§ **Work task**:
Among these entries, how many lines contain "sides"? Say the number and nothing else.

§ **Records**:
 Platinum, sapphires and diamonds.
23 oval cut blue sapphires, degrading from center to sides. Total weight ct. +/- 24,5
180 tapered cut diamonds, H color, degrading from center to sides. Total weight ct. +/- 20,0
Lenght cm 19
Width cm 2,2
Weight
==
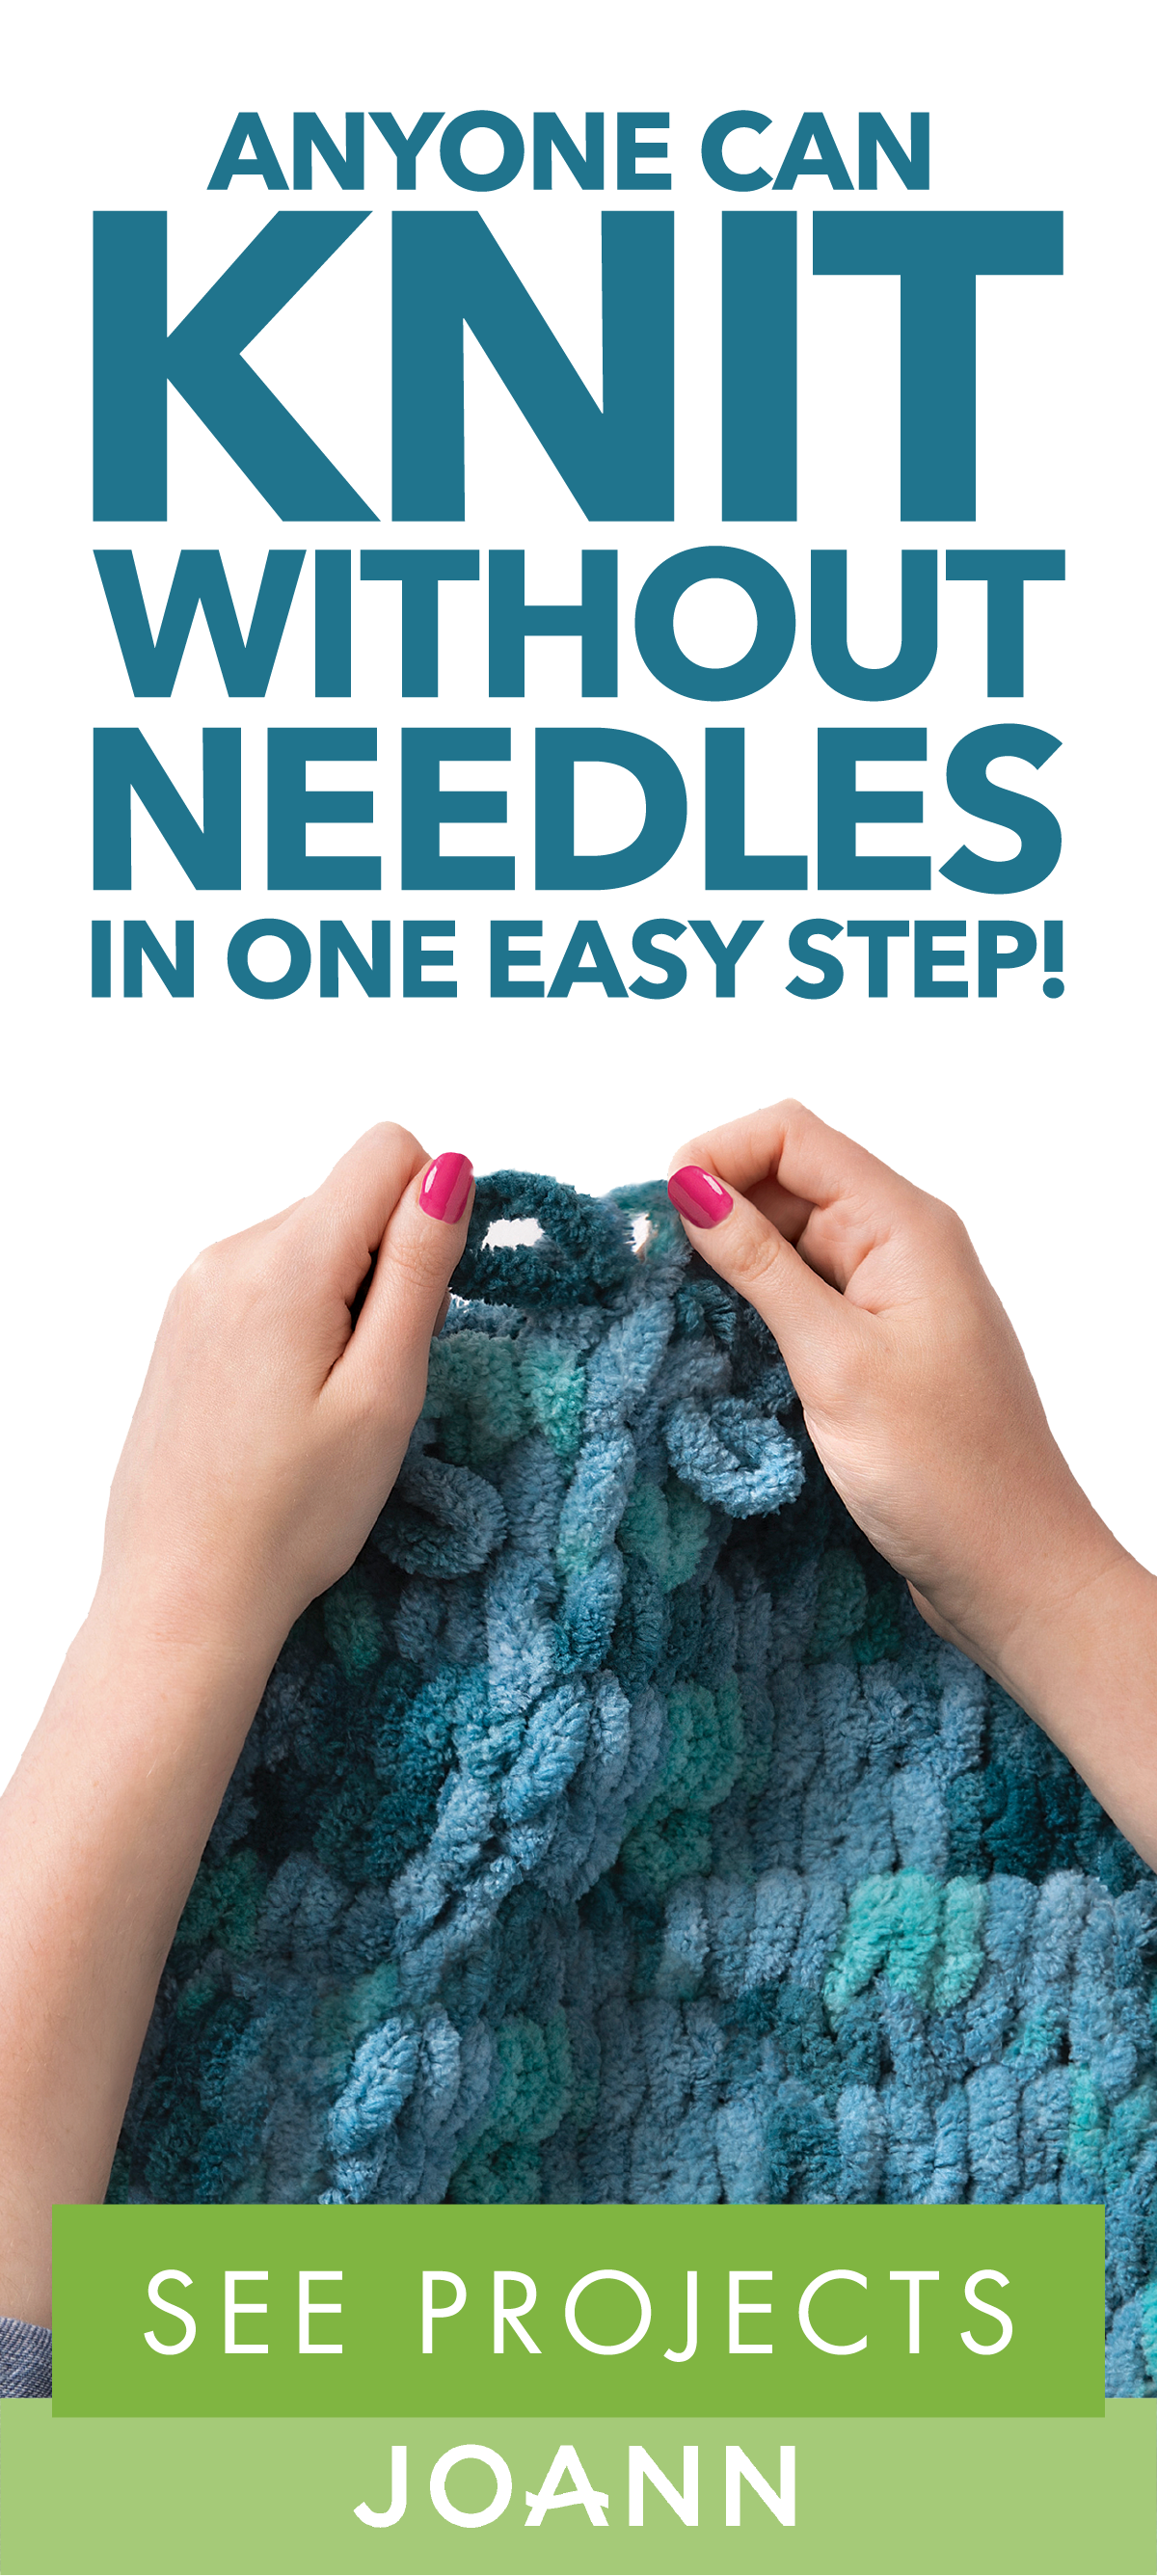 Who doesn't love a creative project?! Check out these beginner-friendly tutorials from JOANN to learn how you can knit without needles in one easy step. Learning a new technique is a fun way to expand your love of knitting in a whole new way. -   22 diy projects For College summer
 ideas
--
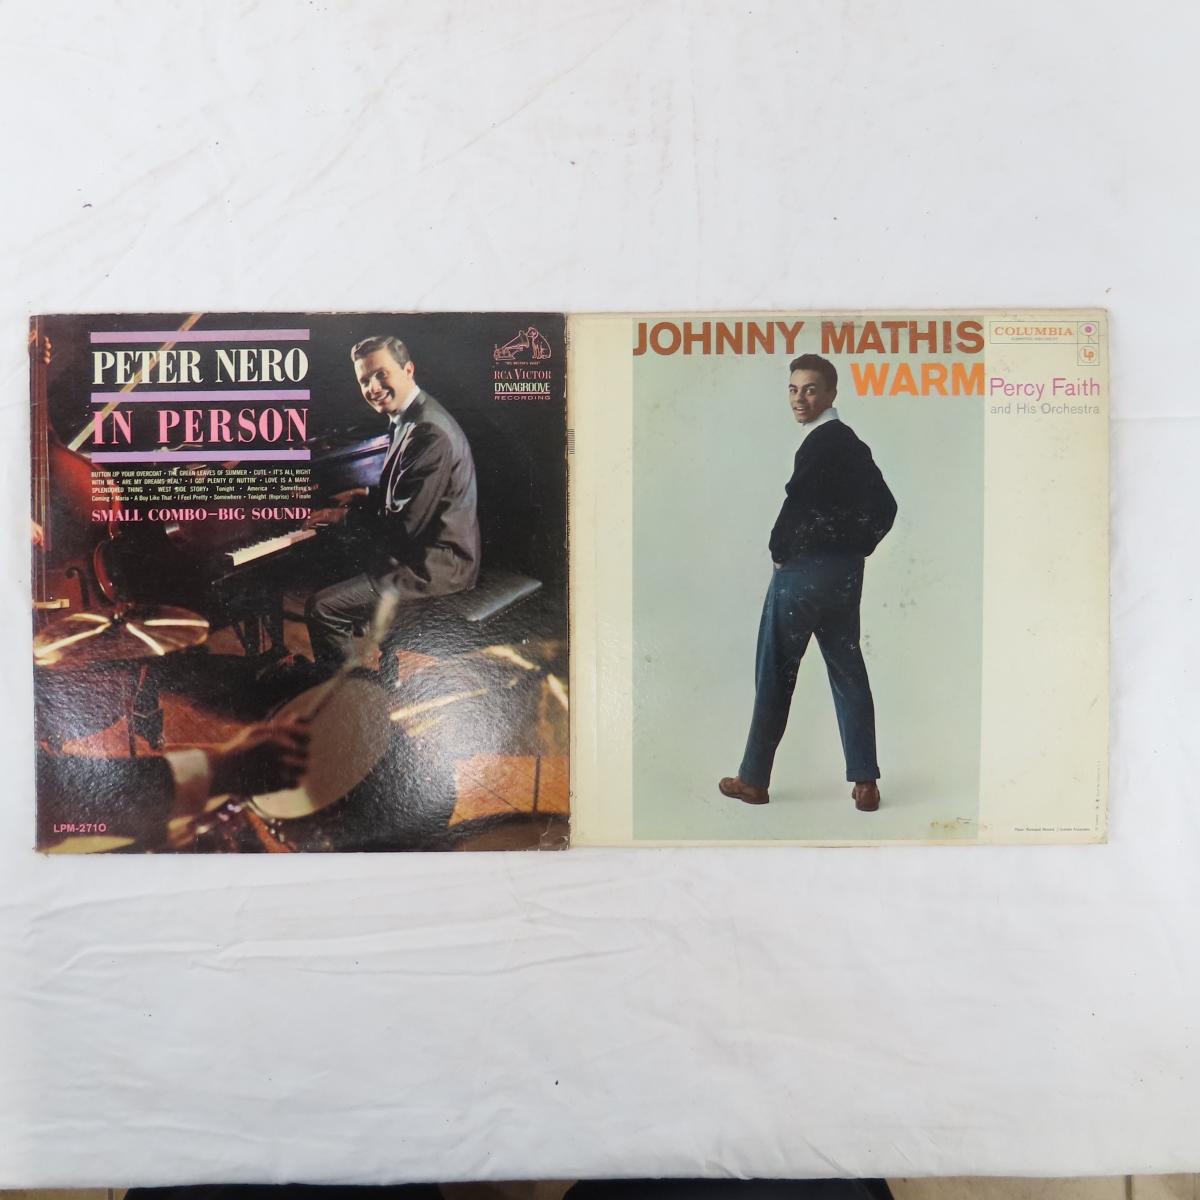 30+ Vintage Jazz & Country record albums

§ **Task output**:
2